Twitter storage on S3
Following Twitter's well publicized scalability problems, I've been wondering if it would be possible to use Amazon's S3 service as a data store for tweets and EC2 to handle tweet distribution. Assuming a rate of 10k tweets/second, it would pretty tricky to do cost effectively, especially given Amazon's new fixed cost / transaction, which makes storing a high volume of small objects extremely expensive.
S3 presents a couple problems as a general purpose structured data store. There is no way to update objects. This limitation leads to a potential solution with a lot of small objects, for instance one object per tweet. Unfortunately PUT operations are expensive at $0.01/1000 PUTs. With a sustained rate of 10k tweets per second, the transaction cost just to write the data into the S3 storage would be around $360 / hour or $3million / year.

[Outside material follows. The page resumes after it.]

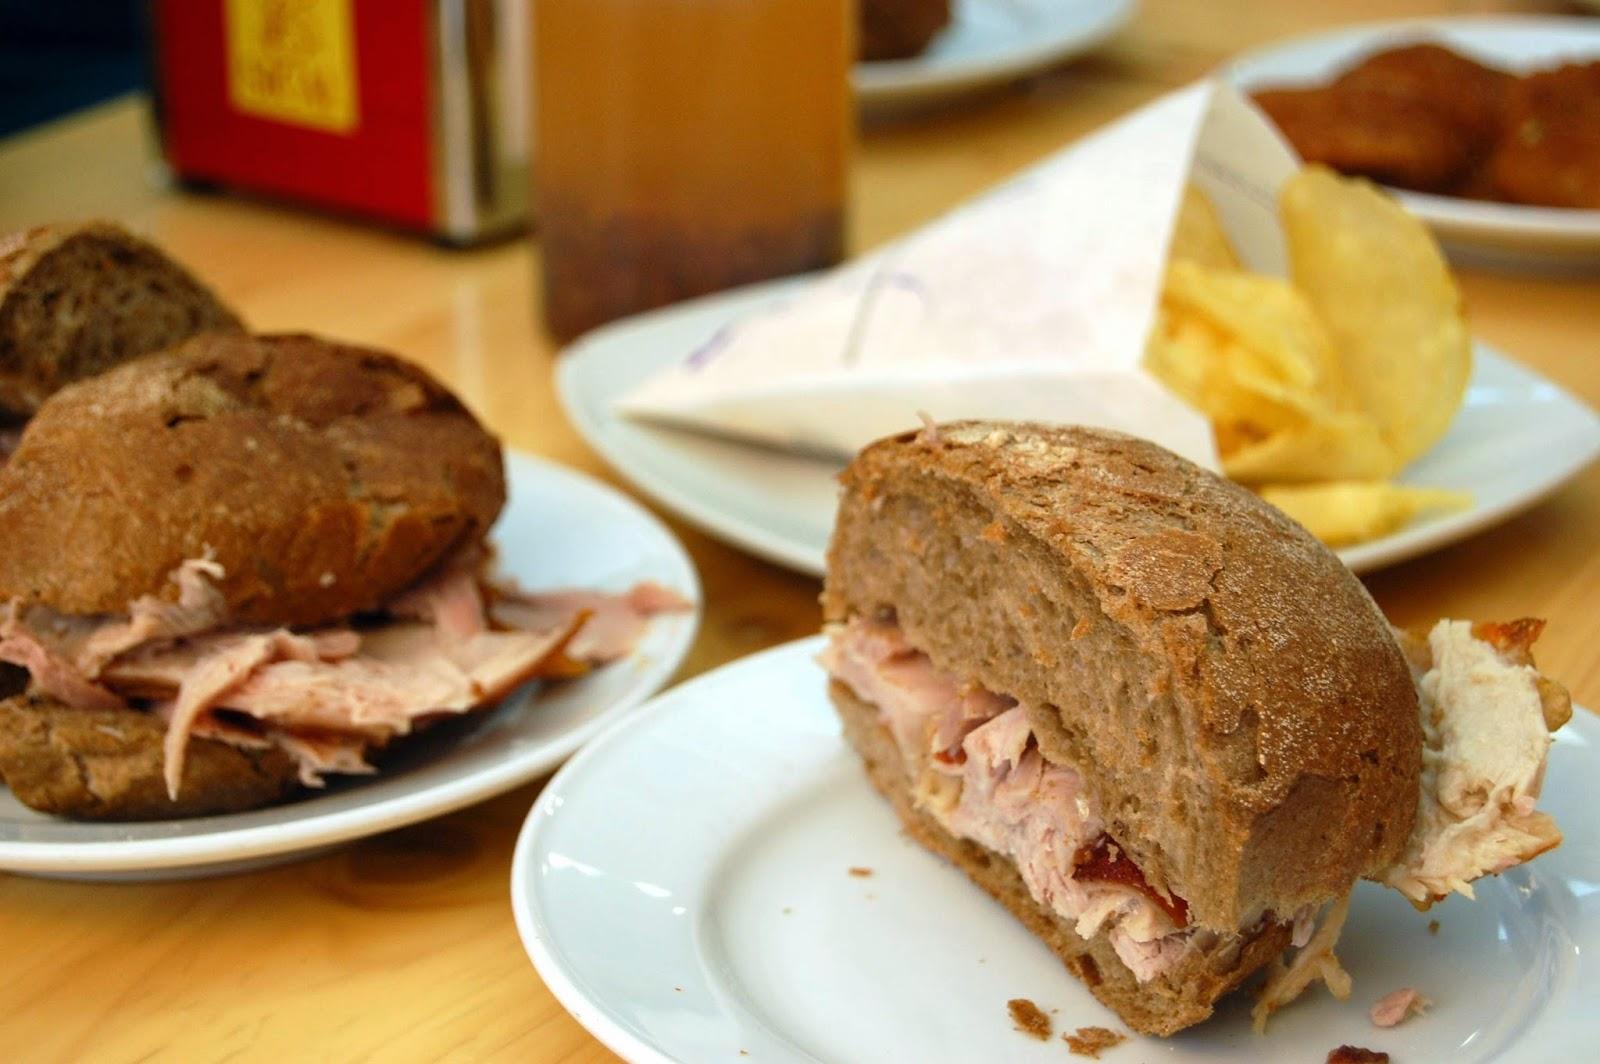 Stitch & Bear - Eat Drink Walk Petiscos Lisbon - Roast suckling pig rolls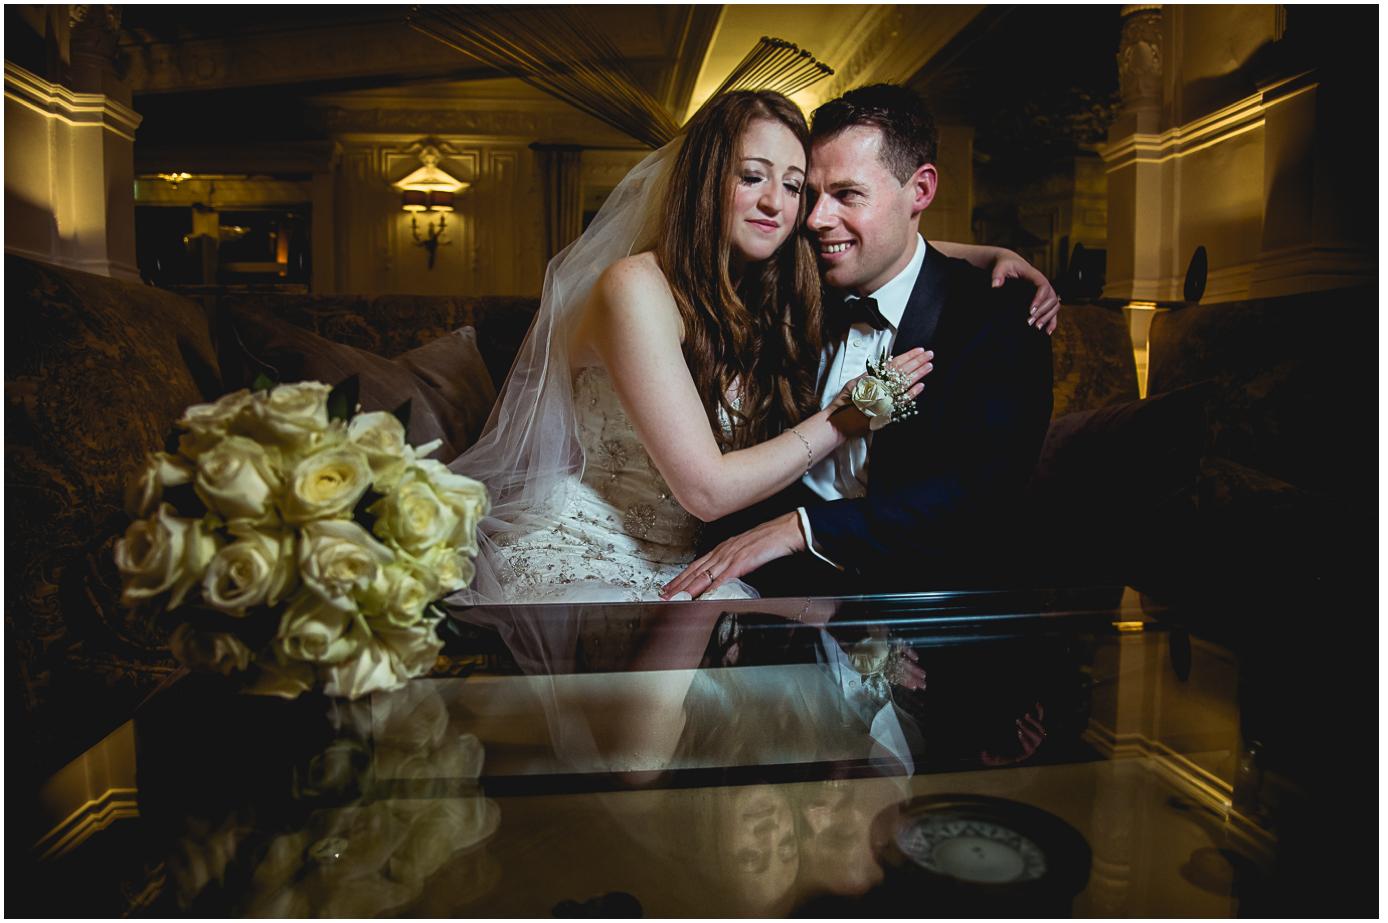 50 - Esmat and Angus - St. Ermin's Hotel London wedding photographer

So obviously multiple tweets would have to be blocked into a larger PUT. This has some merit because S3 does allow random access using HTTP ranges on GETs. But it immediately leads to two new problems. How are the tweets indexed (ie how do you find all the tweets by one user), and how is data queried before it is flushed to S3?
Because Twitter doesn't have a high data integrity requirement, unlike say banking transaction servers, it might be possible to manage indexes on EC2 which are periodically flushed to S3, but this very quickly turns into a complicated solution.
S3's fixed transaction costs are unfortunate because it changes the economics for write intensive applications, and relegates the service to a large static object cache. (Update: I removed a comparison with GFS here.)